Nothing in the data should change when you return it, but leave the pictures out.

[[ Source data, beginning ]]

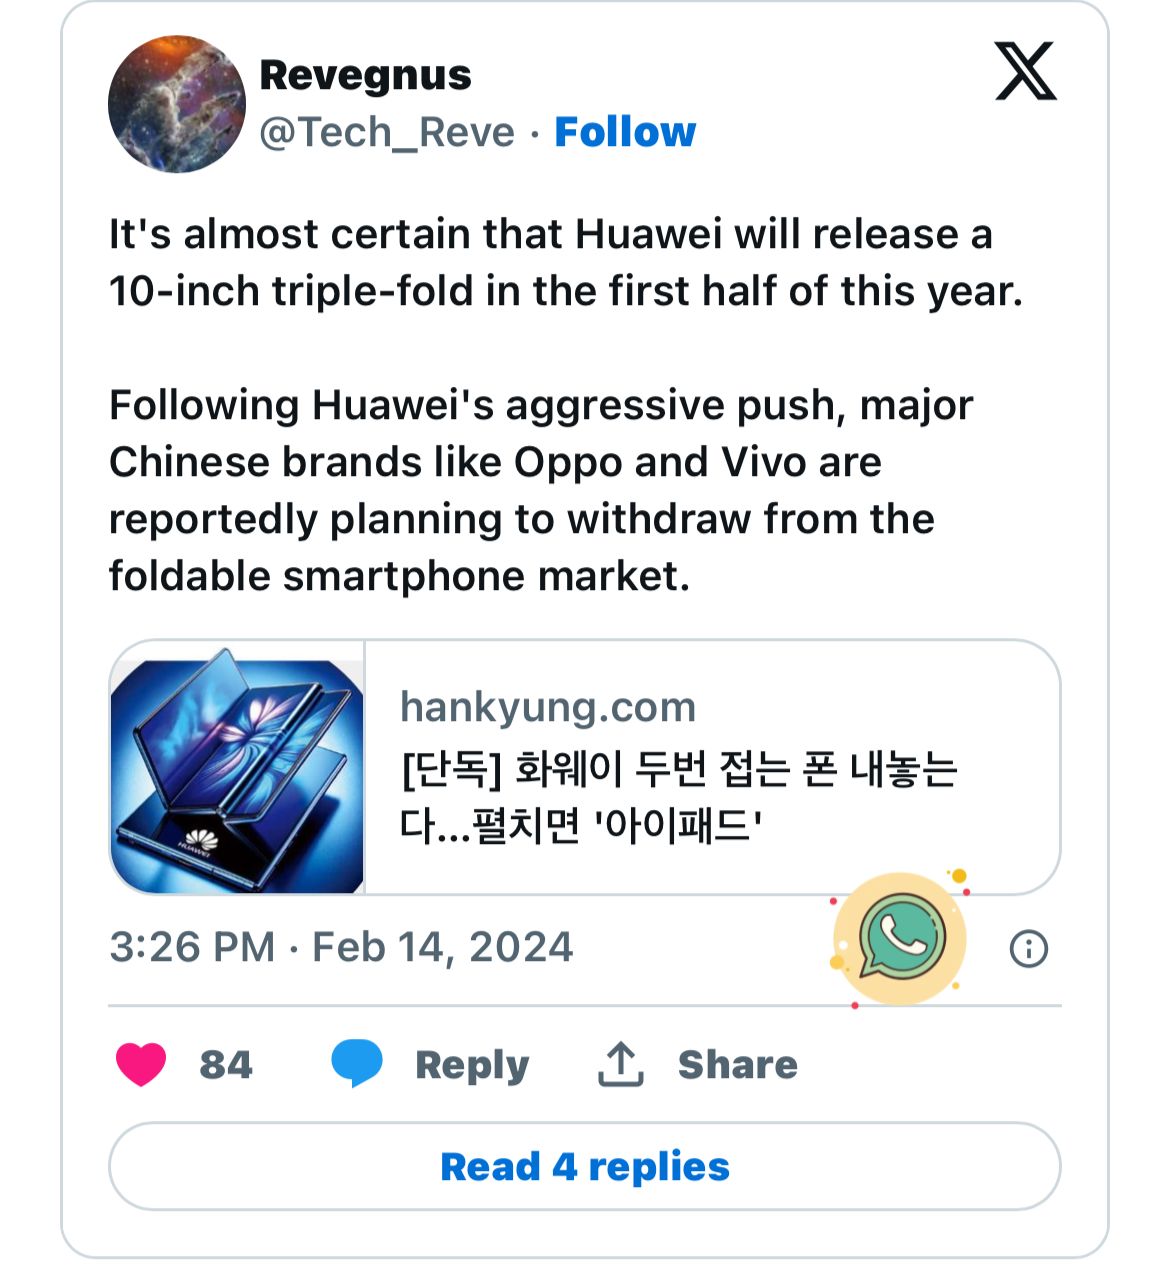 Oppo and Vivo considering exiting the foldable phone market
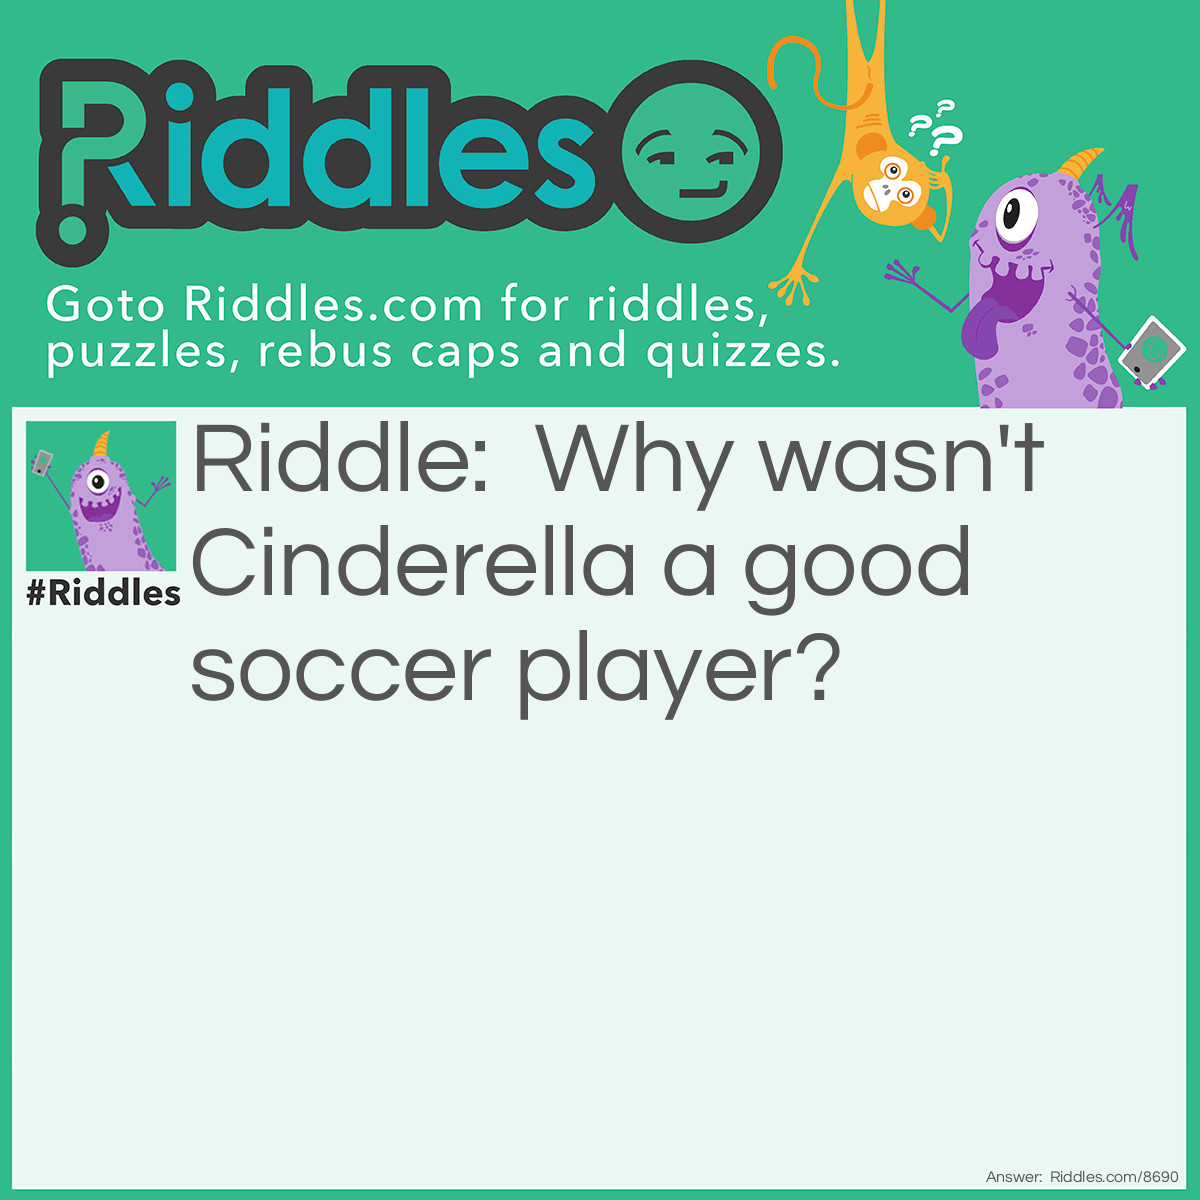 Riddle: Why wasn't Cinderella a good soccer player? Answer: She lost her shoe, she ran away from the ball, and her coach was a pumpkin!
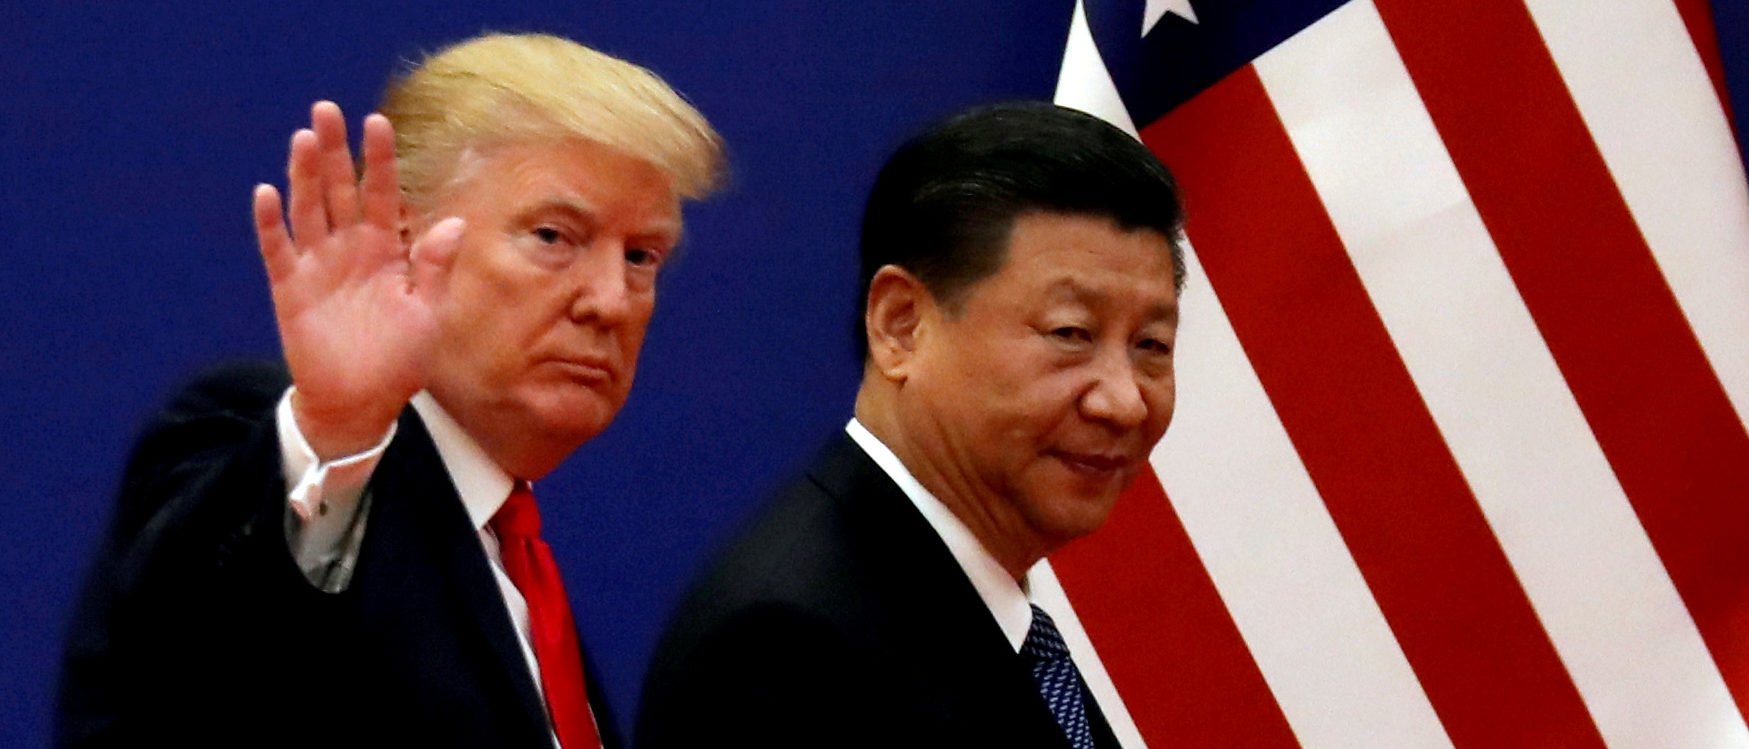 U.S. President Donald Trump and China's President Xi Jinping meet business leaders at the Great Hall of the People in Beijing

[[ Source data, end ]]

Written response —
 Oppo and Vivo considering exiting the foldable phone market
 Riddle: Why wasn't Cinderella a good soccer player? Answer: She lost her shoe, she ran away from the ball, and her coach was a pumpkin!
 U.S. President Donald Trump and China's President Xi Jinping meet business leaders at the Great Hall of the People in Beijing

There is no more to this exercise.